As any god forsaken Monday goes, the girls of Konoha Academy go all rabies- infested- like. Some blame it on the cafeteria ladies suffering Monday morning blues, thus resulting in partially poisoned cafeteria food, while the other's prefer to think it as caffeine withdrawal. But all these are the opinions of the academy's boys of course.

The main reason why the girls are behaving such are….

"_Good morning everybody," in walks four heaven sent specimen. _

…and here comes the deafening shrill….

"_KYAAAAAAAAAAAAAAAA!!!!!!!!!!!!"_

"_OMGGGGGGGGGGGGGGGGGG!!!!!!!!!!!!!!!! THEY'RE HERE!!!!!!!"_

…Heh, told you, it was deafening. Anyway, this is what's causing the girls to act like a pack of banshees….

"_We'll be conducting a disciplinary check, today." _

That is the voice of the one and only Student Council President and Head of the Disciplinary Council, son to the mighty conglomerate Uchiha Fugaku and beautiful actress, Uchiha Mikoto. He is no other than Uchiha Sasuke, Konoha Academy's resident heartthrob, ranking no. 1 in _Tokyo Boys_ magazine's _Hot Stuff 2008_. Sasuke san is well known among the girls, often resulting in a trail of passed out girls the moment he walks past. With eyes as deep and dark as the thick midnight, Sasuke is by no means the most unwelcoming person. Often preferring to ignore the attention he gets, Sasuke san prefers to remain silent and maintain as little contact with other people as possible. This demaeanour of his had earned him the name, the Dark Prince.

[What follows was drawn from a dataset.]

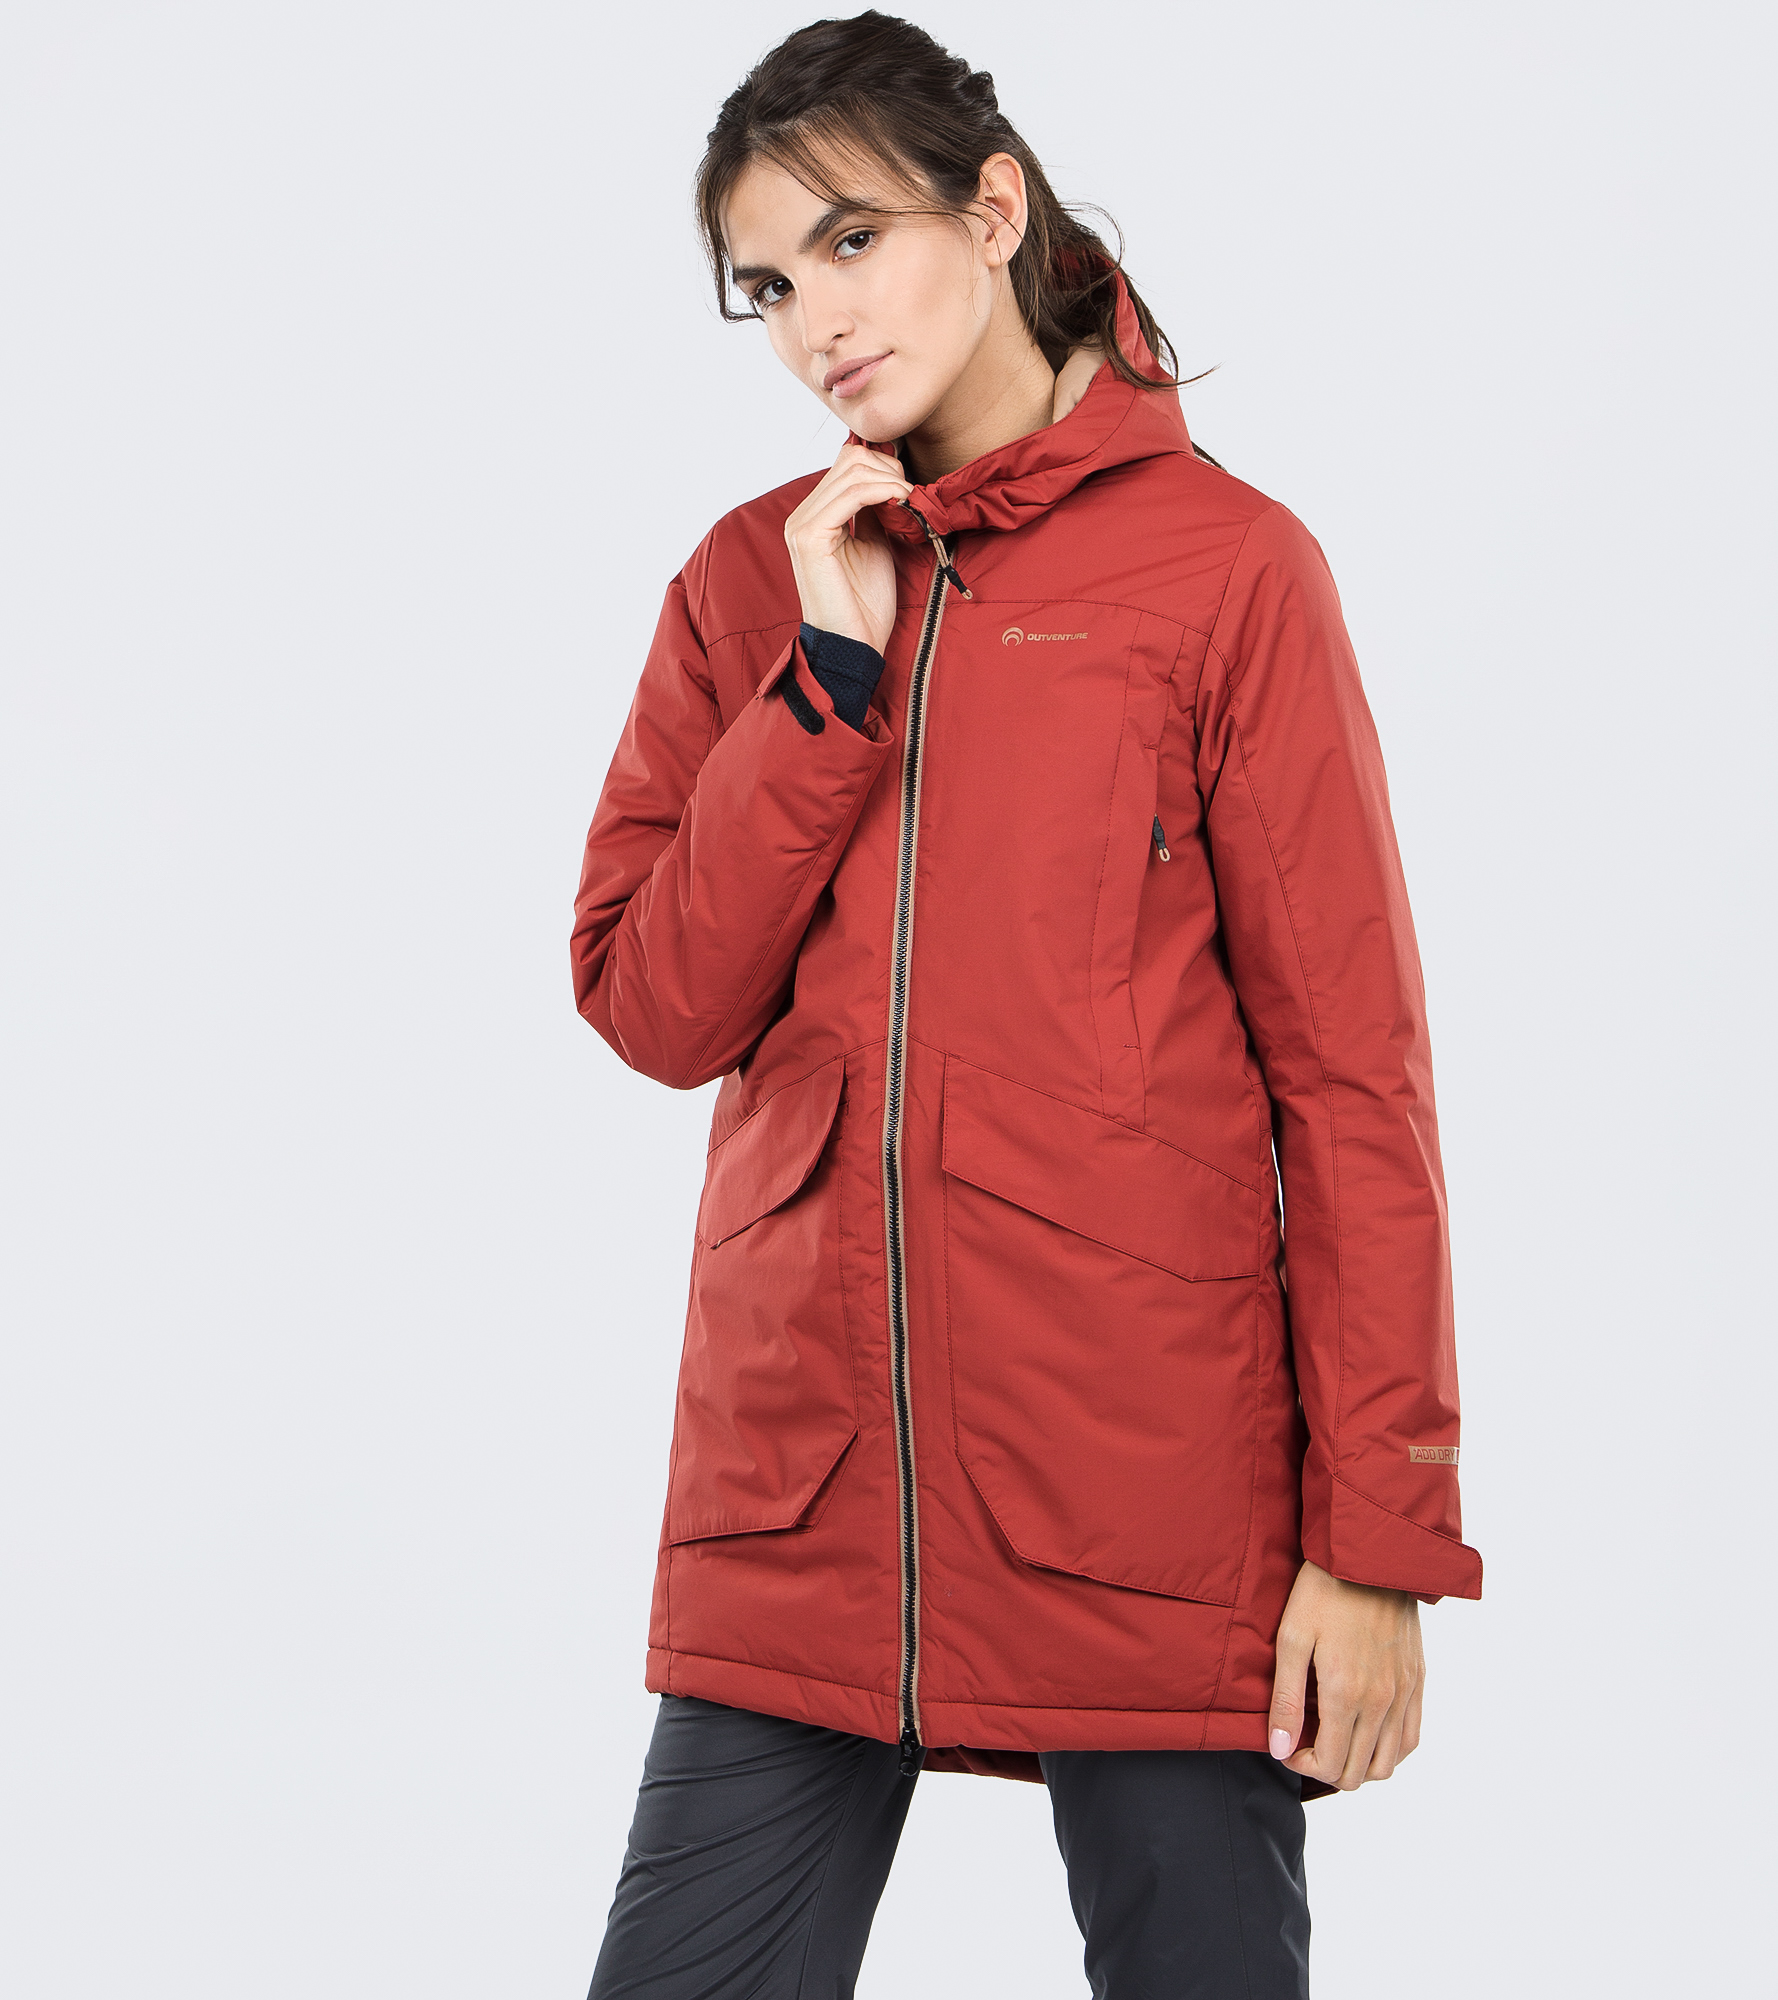 Outventure Куртка утепленная женская Outventure, размер 54 outventure рубашка женская outventure

"_Yeah, believe it! So, ya gals better stay put at your places as we go around."_

This loud blonde on the other hand is a best friend of Uchiha Sasuke, or so the blonde claims to be. Son to Konoha's current mayor, Namikaze Minato and Uzumaki Kushina, Uzumaki Naruto is a sunny person who does not know of the word 'bedroom- voice'. His volume is mainly high, higher and highest. Usually, known to be slightly out of it when it comes to academic matters, Uzumaki Naruto does have his moments of enlightenment where he comes up with surprisingly bright exclamations. Fondly dubbed as 'dobe' by Uchiha san. Sasuke that is, not the father.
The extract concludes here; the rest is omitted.